TASK GOAL: Leave out all pictures and retype exactly the lines from the one with "Federal Computer Week Logo Vector" through the last line of the material.

RAW DATA:
*-*-*
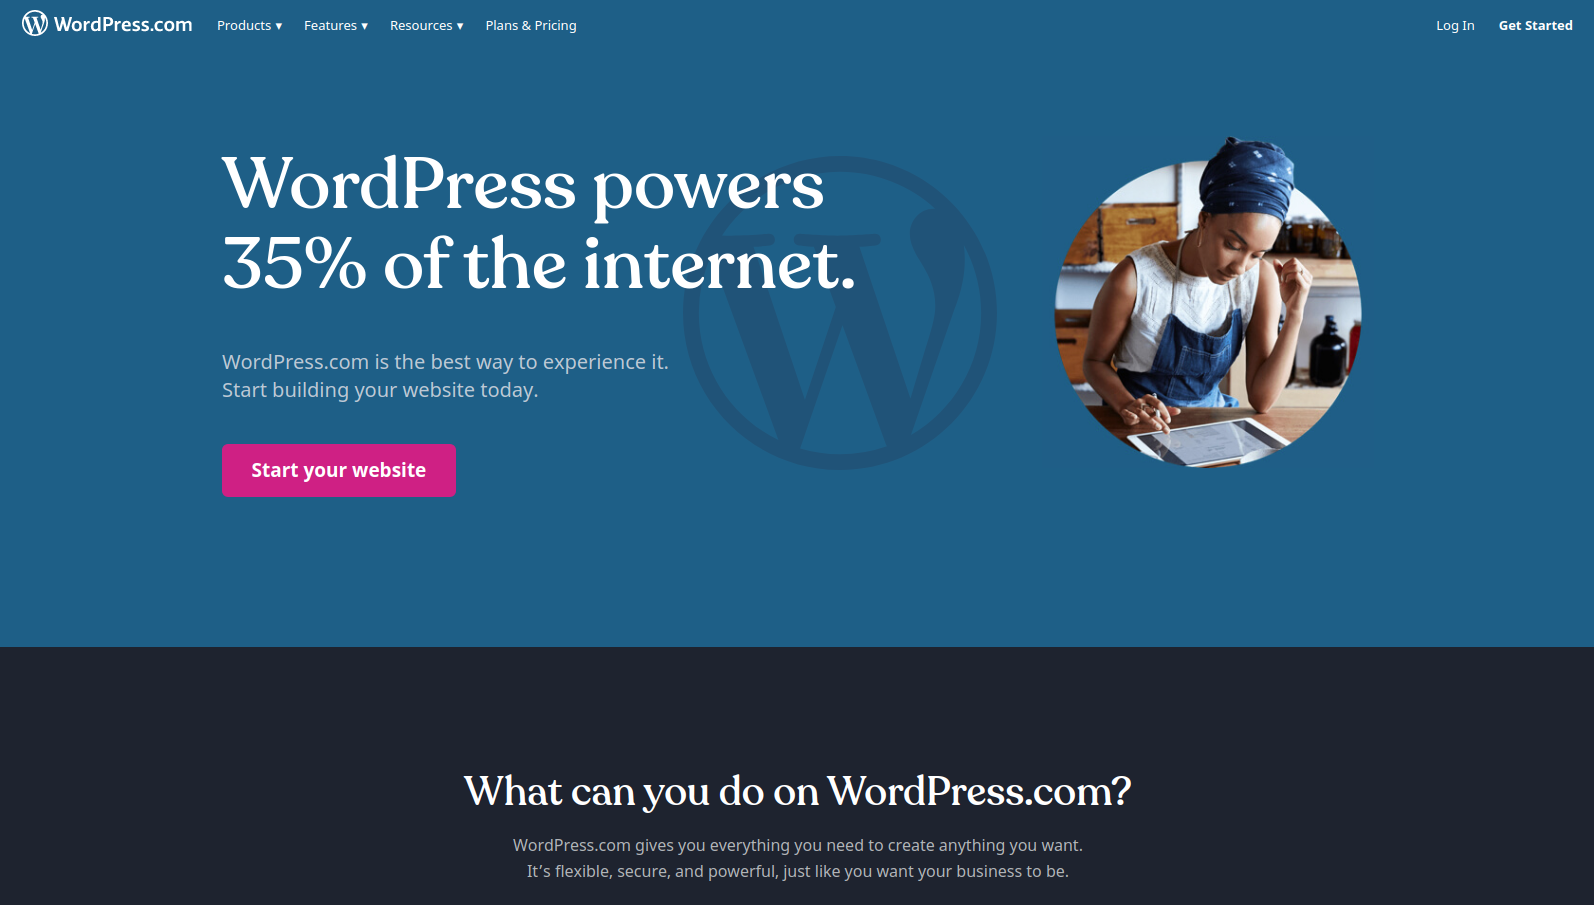 wordpress-com
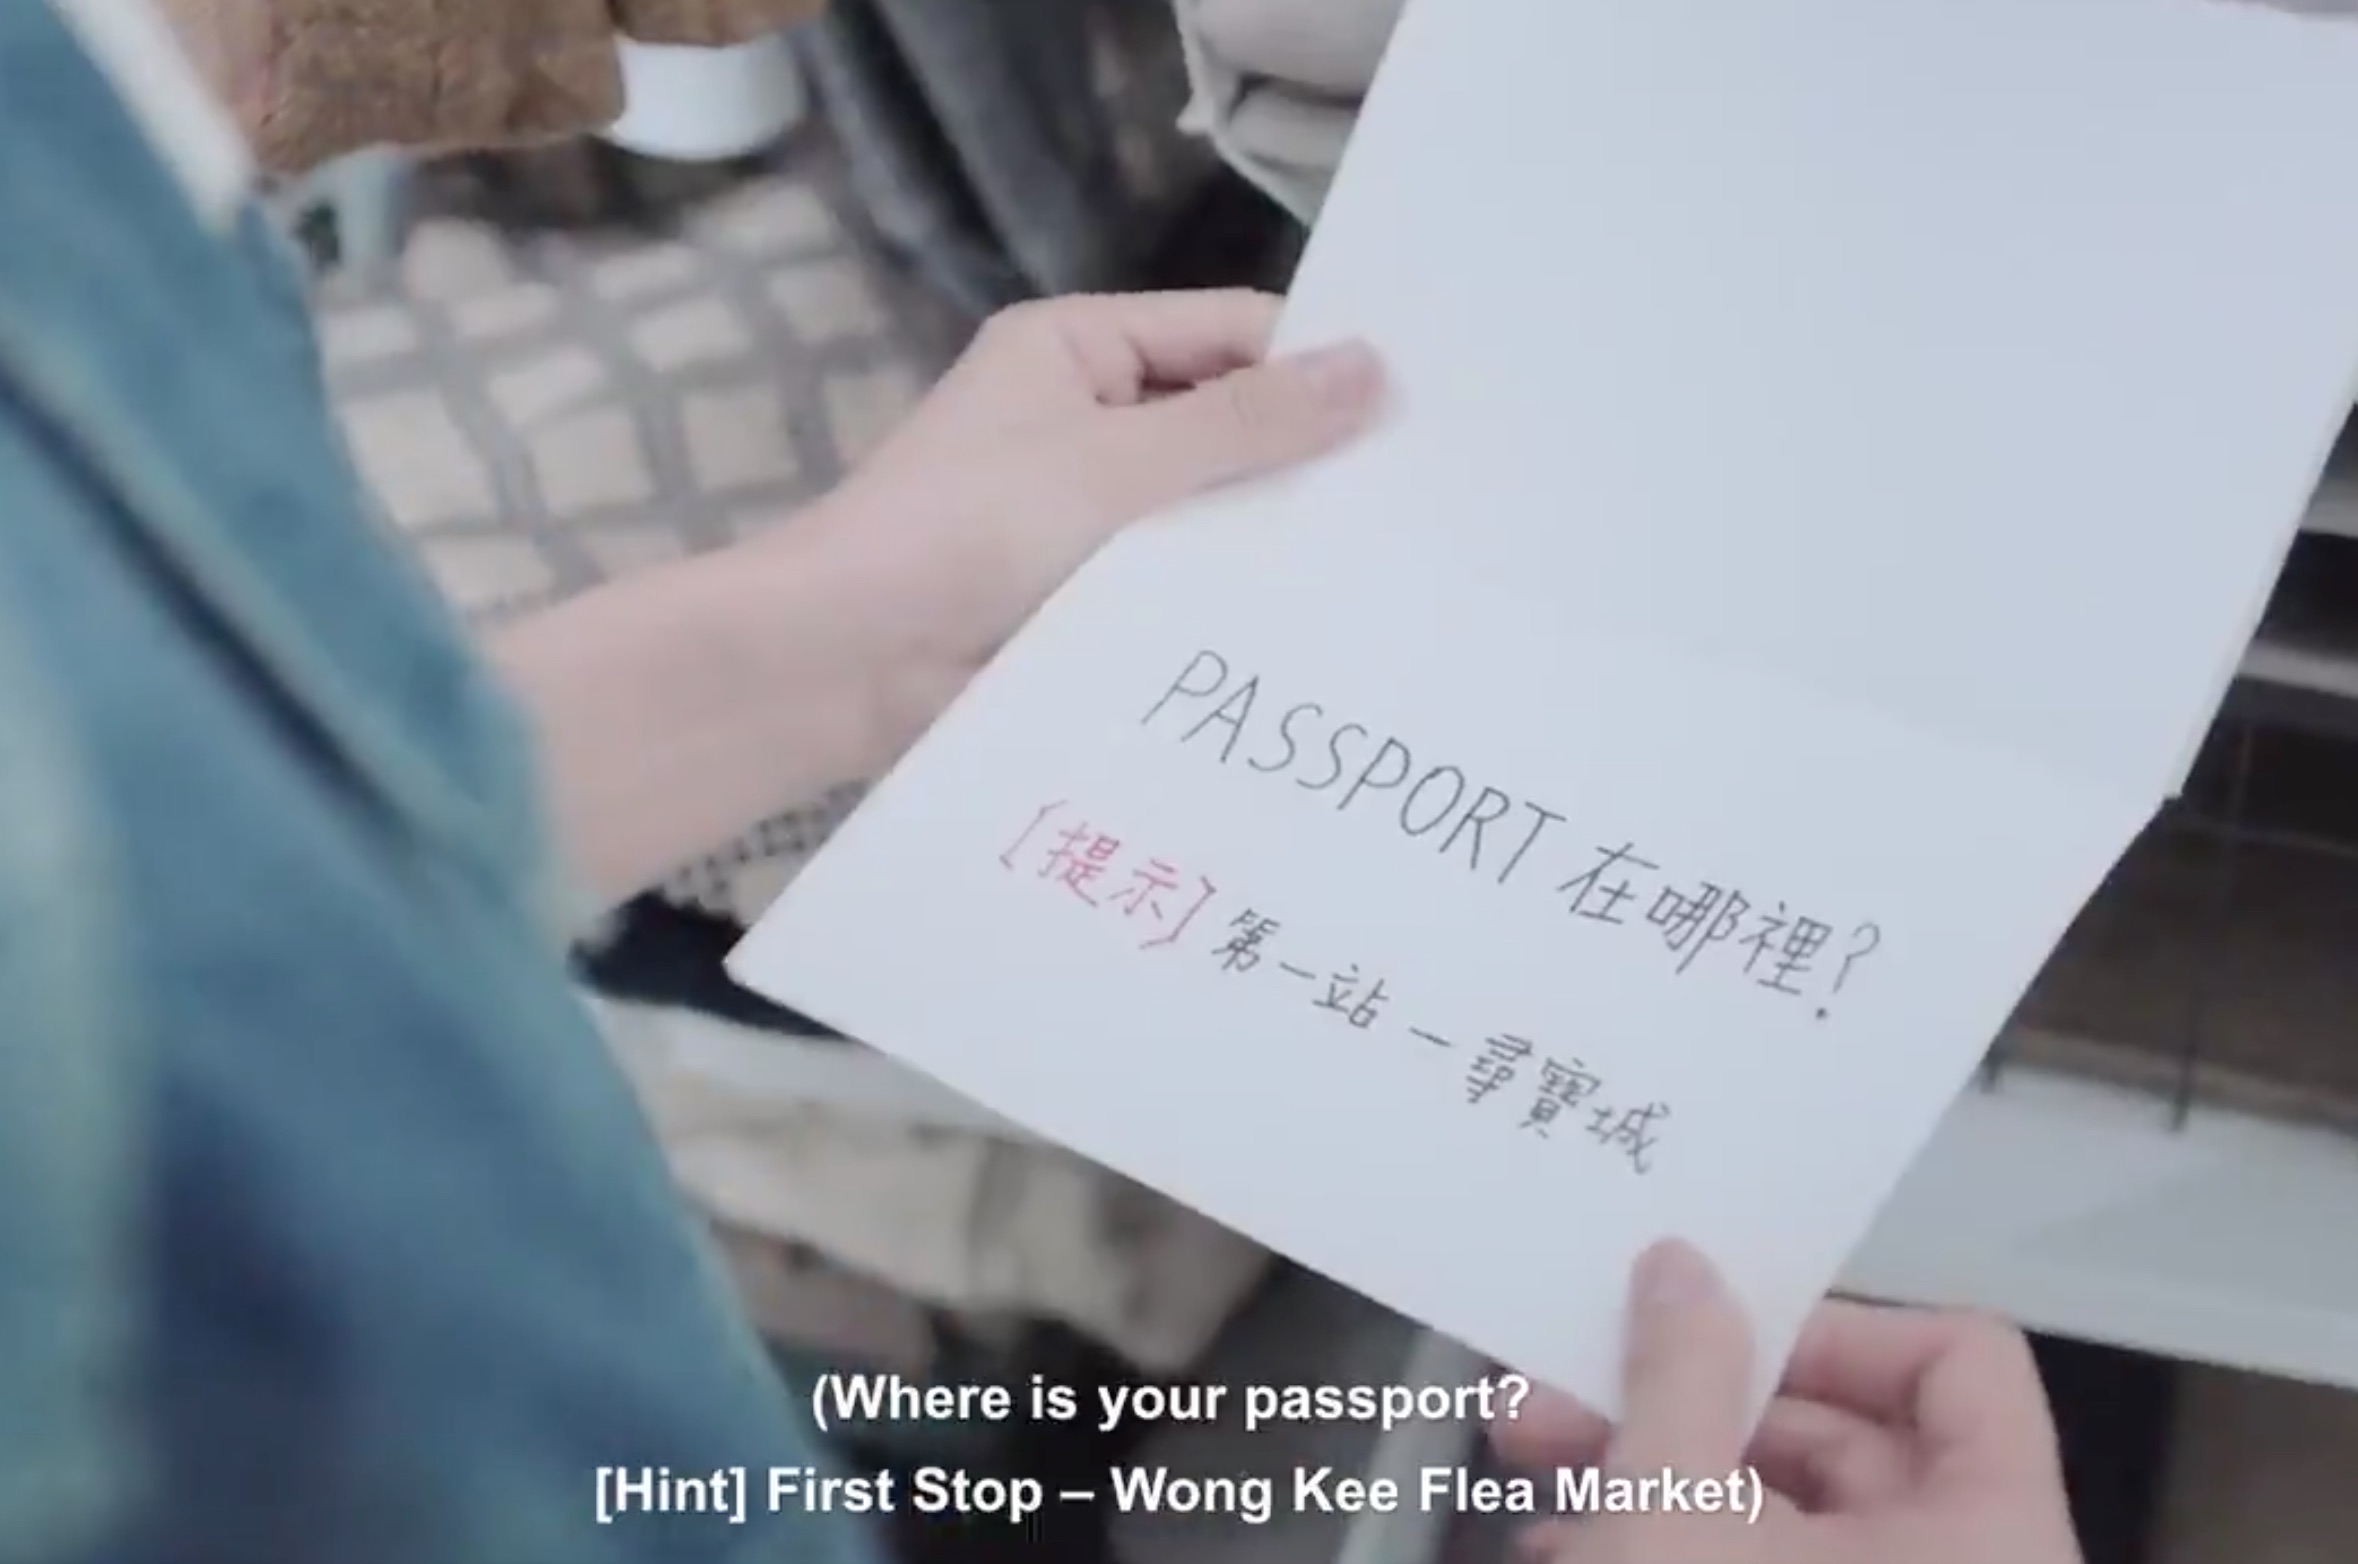 A screen shot from the Hong Kong Tourism Board video.
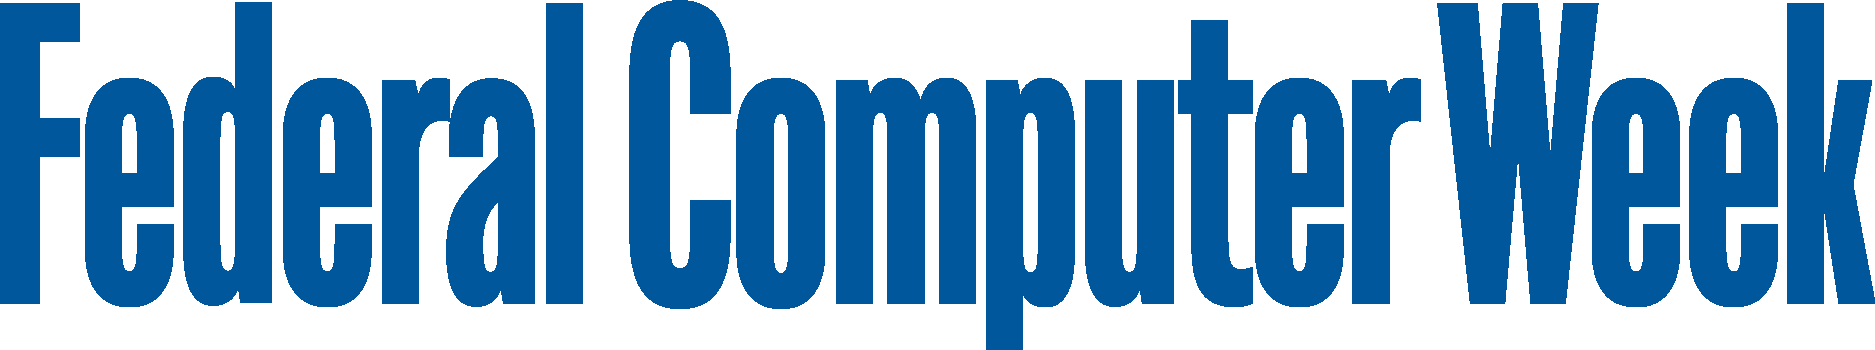 Federal Computer Week Logo Vector
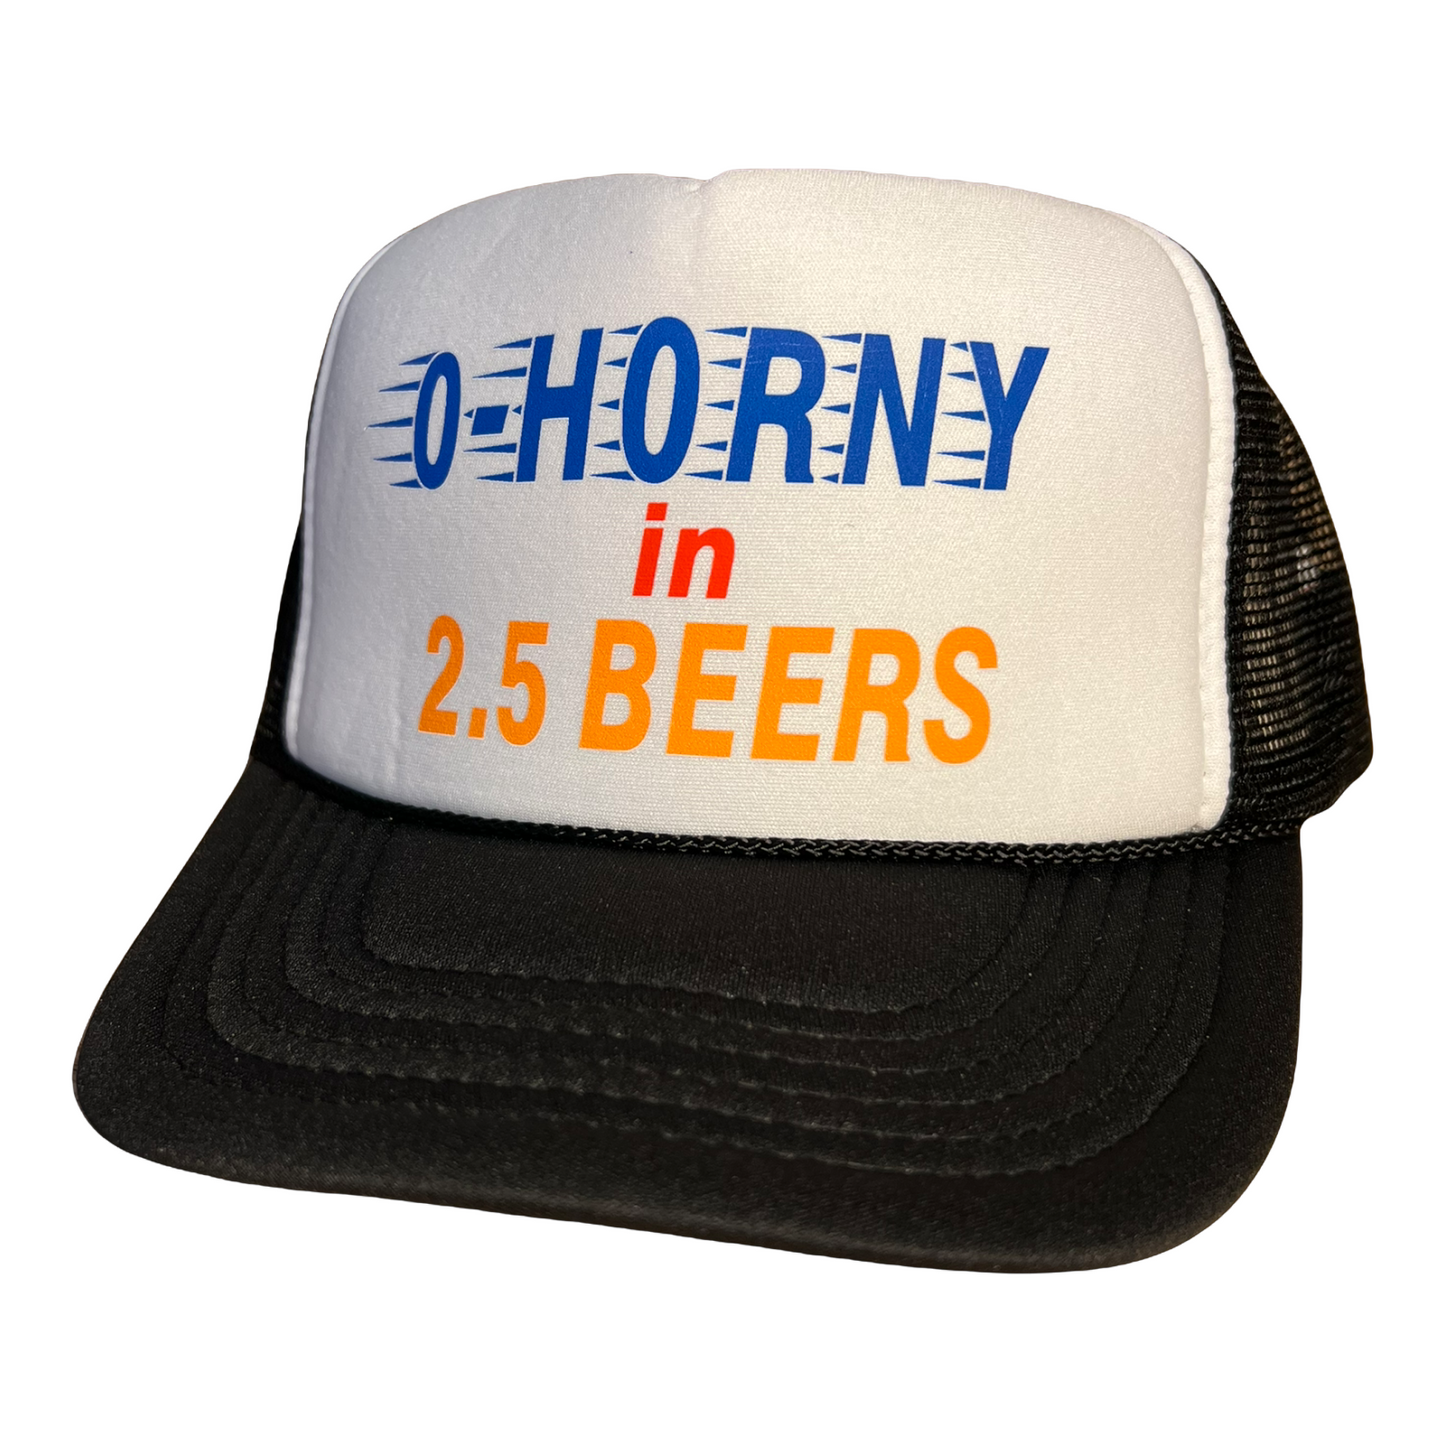 0- Horny In 2.5 beers Trucker Hat Funny Trucker Hat Black/White
*-*-*
EXERCISE SOLUTION:
 Federal Computer Week Logo Vector
 0- Horny In 2.5 beers Trucker Hat Funny Trucker Hat Black/White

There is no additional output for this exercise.